Chook Raffle and the Anne Elder Award Project
The Anne Elder Award, first awarded in 1977, is one of the longest running prizes in Australia given to a poetry collection, outstripped by the Grace Leven Prize for Poetry which awarded its last prize in 2012 after 65 years. Specifically, the prize is given to the best debut poetry collection published in Australia with a prize of $1000 awarded by the Victorian branch of the Fellowship of Australian Writers.
As the 50th year of the Anne Elder Award looms, it seems the perfect candidate for reflective exploration with an eye for what Australian literary culture is, what it awards, and what kind of impact prizes have.
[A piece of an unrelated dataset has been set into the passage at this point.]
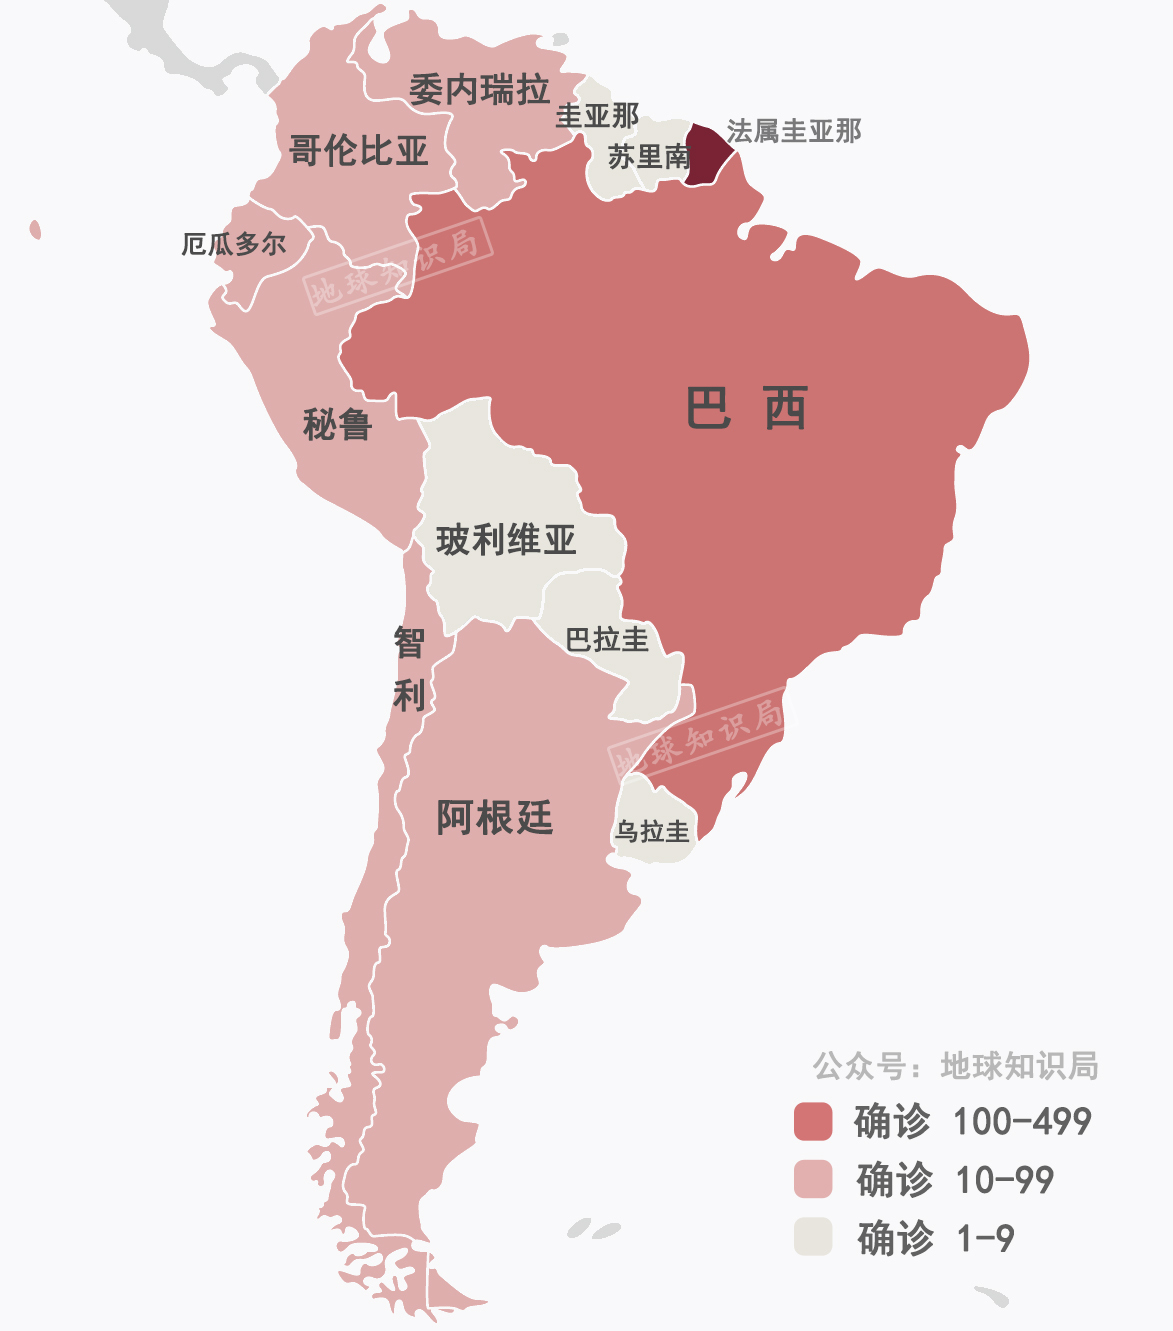 南美洲各个国家地图图片
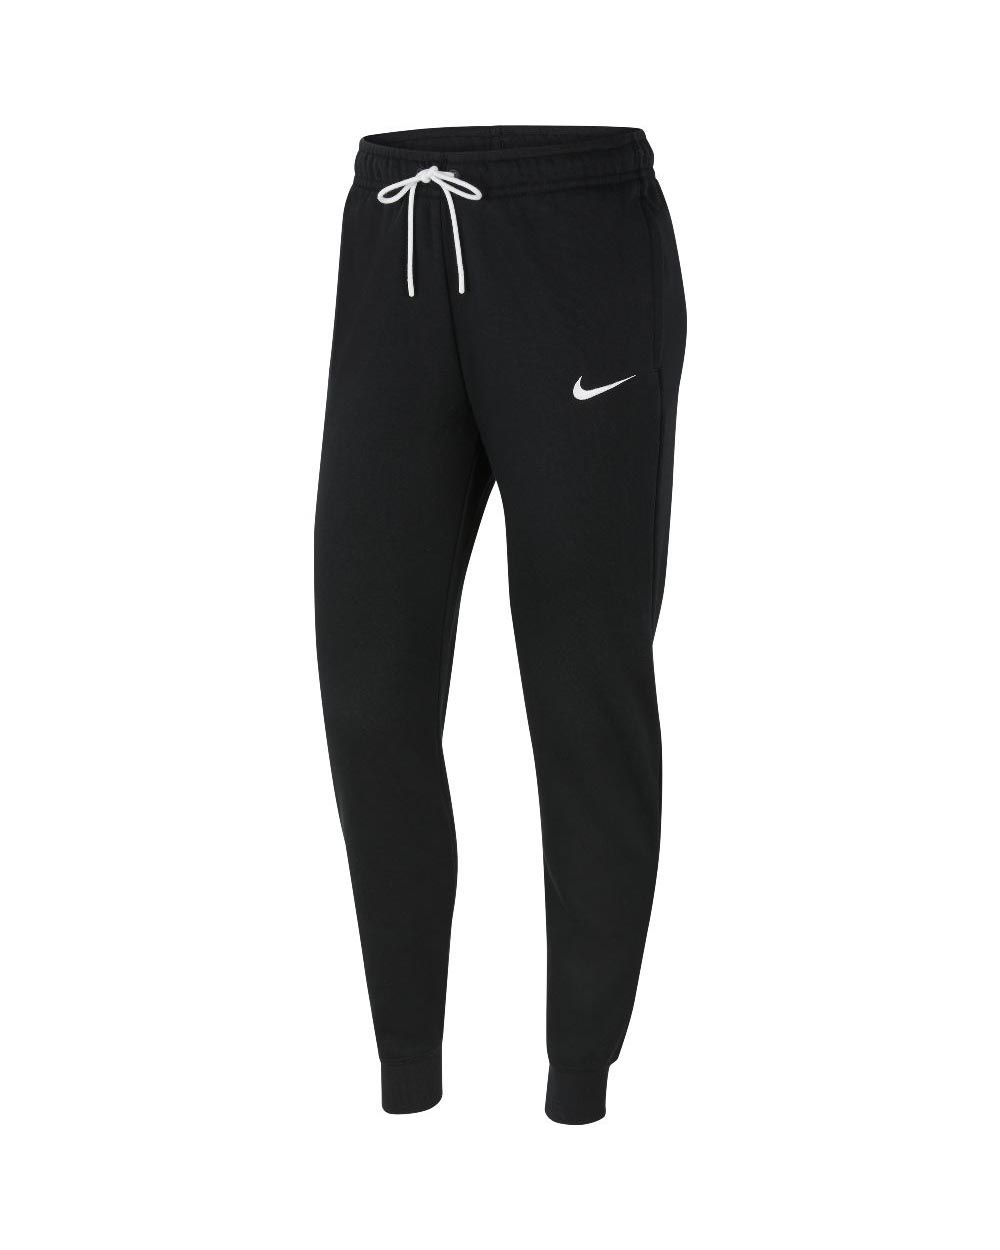 Jogging sportswear club noir femme - Nike

But before the big questions, we must look at the poetry.
Chook Raffle is a bimonthly newsletter featuring a review of a past winner of the Anne Elder Award from 1977 to the present day. (There is one exception of Ella Jeffery’s Dead Bolt which I already reviewed in Plumwood Mountain in 2020.) In the vein of John Kinsella’s retrospective reviews in Southerly, Chook Raffle is about reading poetry removed from the hubbub of promotion, hype, and novelty but with the added consideration of award recognition and the contextualising years of the poet’s subsequent career or, in some cases, the muffling effect of shifted literary attention.
With 46 titles and counting to choose from, I hope that revisiting “successful” poetry collections from the past half-century will illuminate something about Australian poetry or its future as a culture and an art form.
[Note: Chook Raffle is in no way affiliated with the Anne Elder Award or the Victorian branch of the Fellowship of Australian Writers.]